Bears Return to Switzerland: On the Trail of Bruno's Brothers
While Germany follows the antics of polar bear cub Knut, Switzerland has been visited in recent weeks by two brown bears, sibblings of Bruno, an ursine renegade who roamed the Bavarian alps in 2006. But the Swiss are taking extra precautions after a close encounter between a bear and a child caused alarm in 2005.
Swiss television captured footage of one of a roaming bear believed to be the brother of Bruno, the brown bear shot and killed in Germany one year ago. The footage was broadcast on July 16 on the "10 vor 10" program.

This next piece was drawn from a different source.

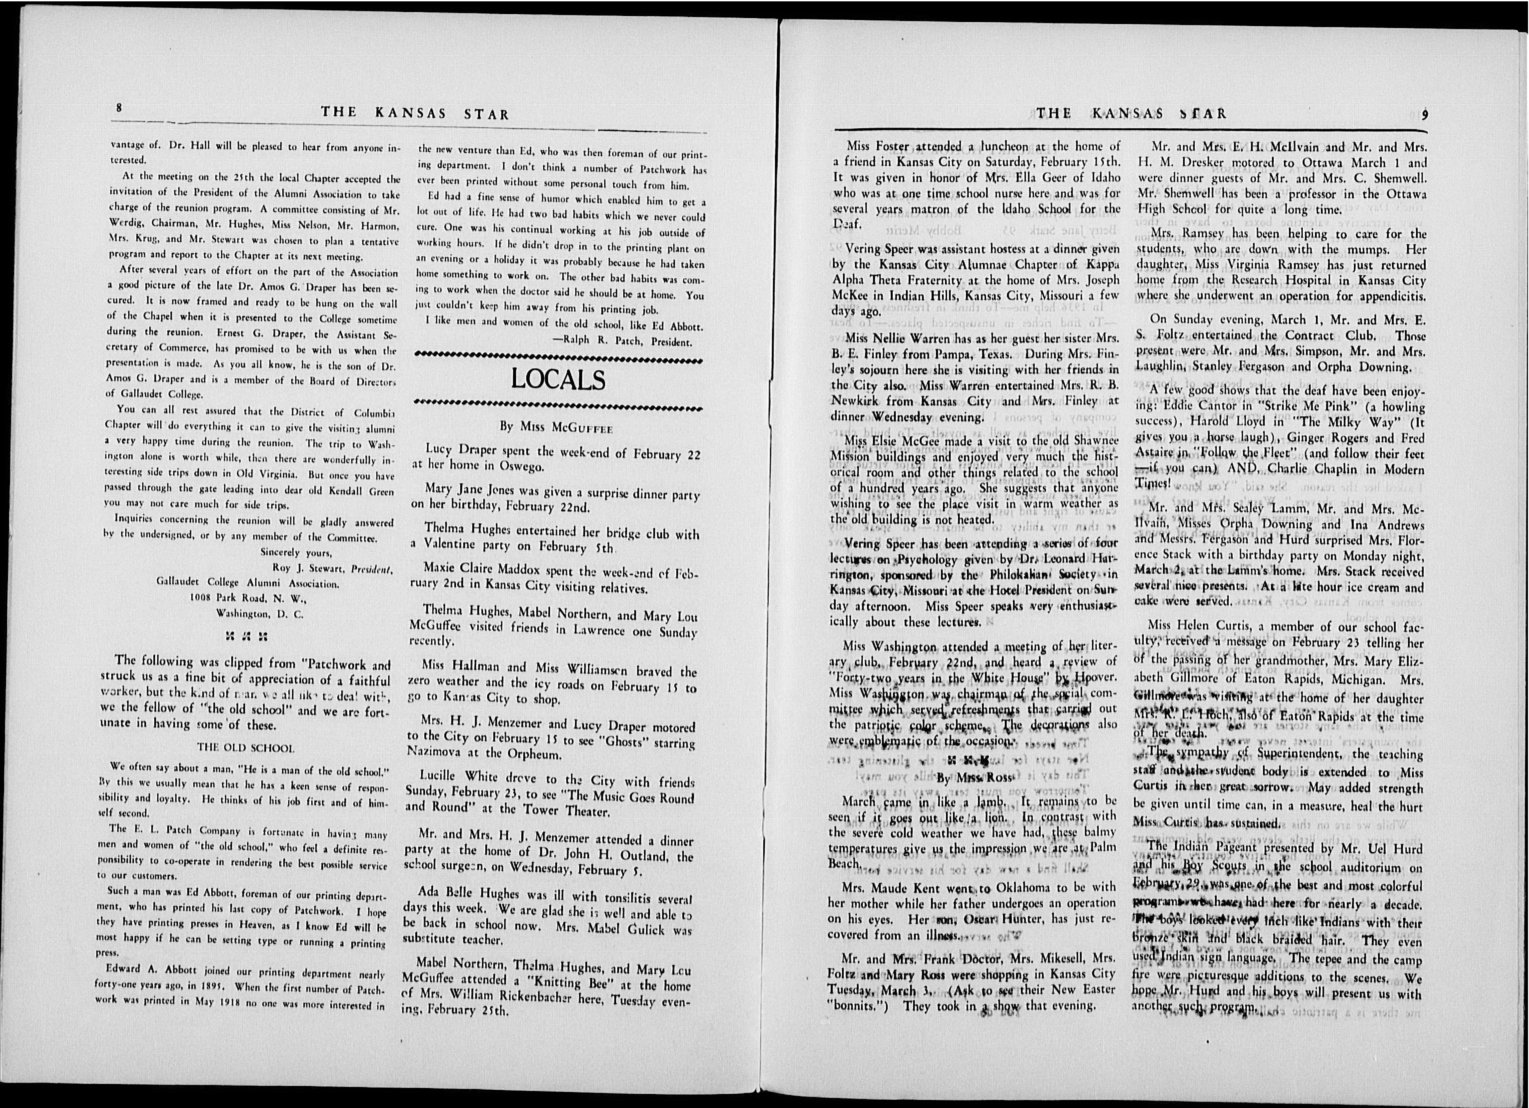 The Kansas Star, volume 50, number 5 - 8-9

"We can’t be sure which one it was as the paths of these two bears got crossed so many times," Georg Brosi, head of the cantonal hunting and fisheries department in the region of Graubünden, told SPIEGEL ONLINE.

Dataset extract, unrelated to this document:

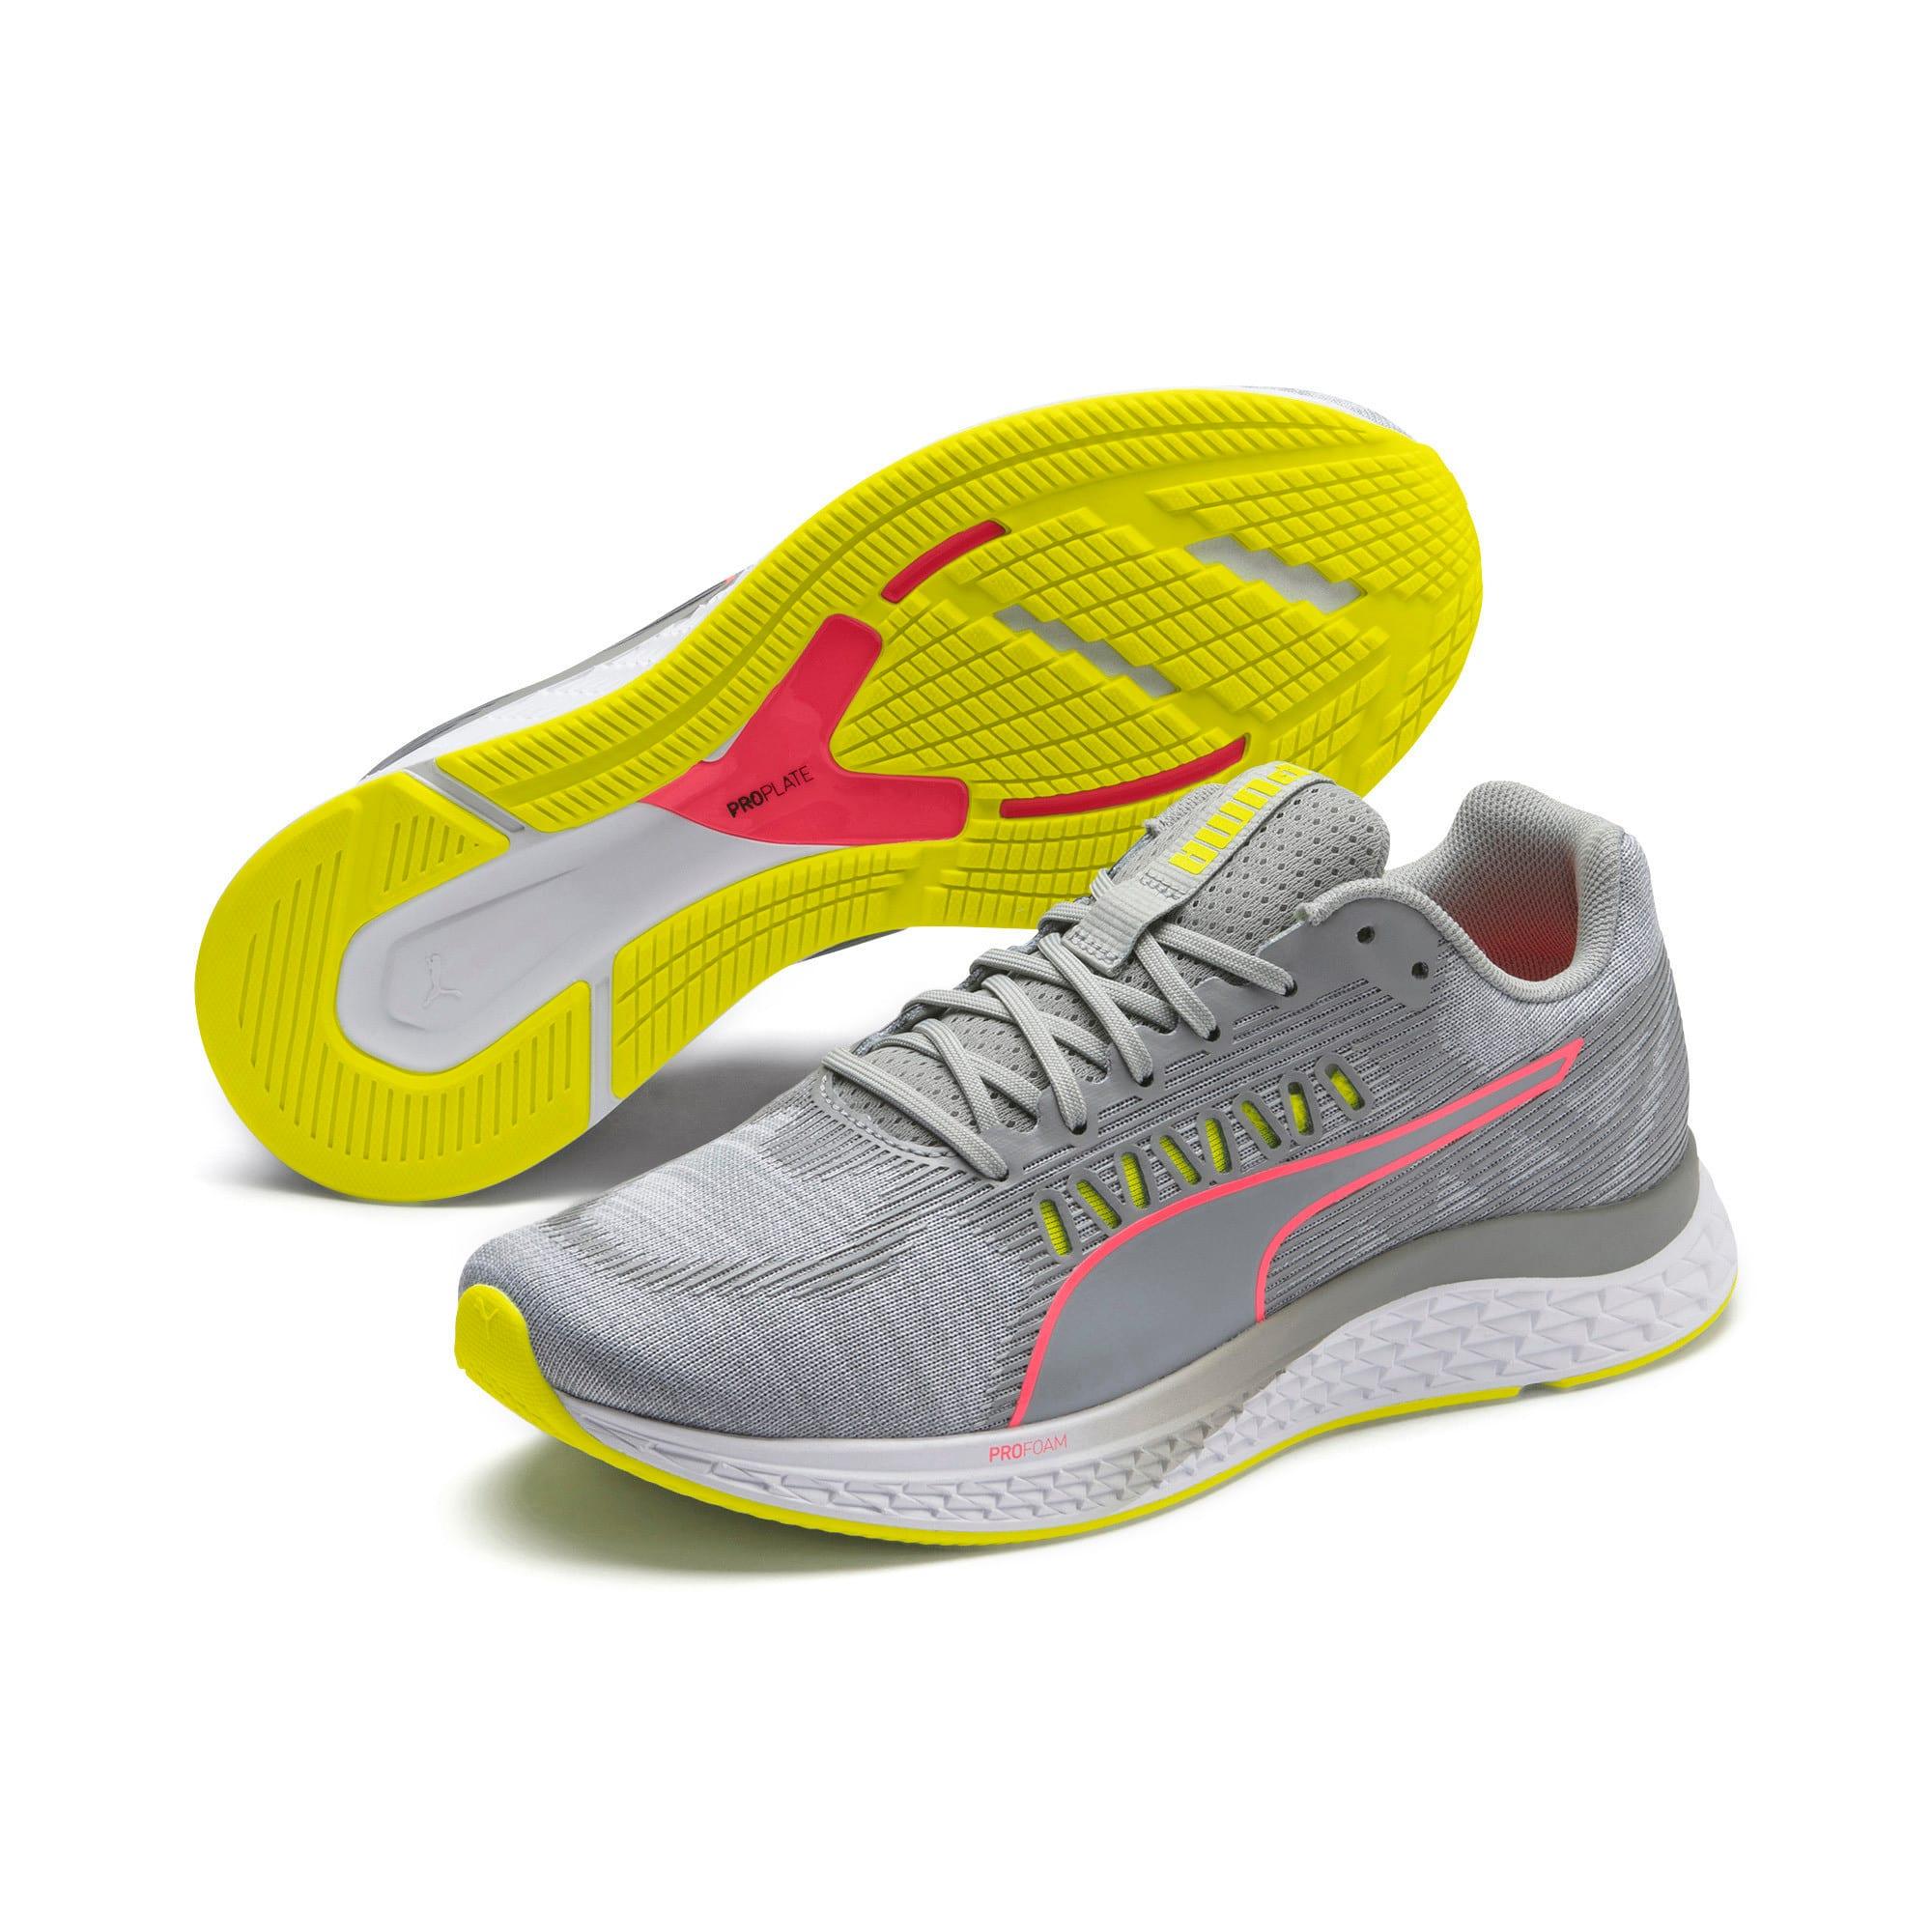 Imagen en miniatura 3 de Zapatillas de running de mujer Speed Sutamina, Quarry-Yellow Alert-Pink, mediana

One of the bears has been identified by traces of fur as JJ3 -- a male bear born last year to the same parents as Bruno. The other bear is believed to be MJ4 -- also a young male and a half brother to Bruno and JJ3.
The last native Swiss bear was killed in 1904, some 60 years after the brown bear population in Germany was wiped out. The recent visitors all come from the same nature reserve in Italy, where a European Union-funded project has helped to reintroduce the animals.
A Diet of Mutton and Honey
Since they arrived in Switzerland in mid-June, the mischievous pair has terrorized flocks of sheep left untended by Swiss farmers on the high Alpine pastures over the summer.
"These two bears have killed about 30 sheep so far," Brosi said. They have also developed a taste for mountain honey after raiding hilltop beehives.
While Swiss hunters and farmers have called on the animals to be killed, Brosi said the two were safe for now.
"At the moment they are just doing what is natural," he said.
Bruno had a similar appetite and was accused of raiding farms and small-pens for sheep and chickens. Bavaria’s environment minister said Bruno was a "risk" because he showed no fear towards humans.
The midnight feeding forays got to be too much for the pragmatic Bavarians and an unknown hunter shot and killed the animal last June after the state government issued the order to cull the renegade bear. Animal lovers were outraged and authorities in Italy asked for the return of the animal’s carcass. Bavarian officials rejected the request.
Bruno’s visit highlighted the work of the Italy-based, EU-funded project "Ursus," created in 1996 to protect the local brown bear population and repopulate the German-Austrian-Italian border region with bears. Bruno's parents, Joze and Jurka, were two of several bears relocated to the region from Slovenia to kick-start the program.
No Teddy Bear
Conservationists in Switzerland welcome the return of the bears to their natural habitat but are keen to warn visitors to the Alps of the dangers the bears present.
The first bear to return to the country was JJ2 or Lumpaz, who created a tourist frenzy in the southern Engadine region of Switzerland when it strayed over the Italian border in 2005. Lumpaz means "rascal" in the local Rhaeto-Romansch dialect.
"There was virtually no free bed to be had in the region as the return of the bear had been so hyped," said Mark Ehrsam of conservation group Pro Natura.
Unfortunately, some of Lumpaz’s stalkers proved a little bit too keen.
"The problem with this bear was that it was not afraid of humans and therefore there was a fairly high likelihood of bumping in to him in the mountains," he said.
A video posted on the Internet of a woman and a child gleefully running towards a bear on a mountain path prompted concern that bear fans were behaving irresponsibly.
"The bear just wandered off but it could have been very different," Ehrsam said.
Pro Natura is distributing leaflets and advising tourists and hikers to keep well away from this year’s visitors, should anyone encounter the bears on their travels.
"We all had teddy bears as children and people often underestimate the dangers," he said. "Someone who is behaving incorrectly is not only putting themselves at risk but the bear as well. Because if something happens, people are going to blame the bear."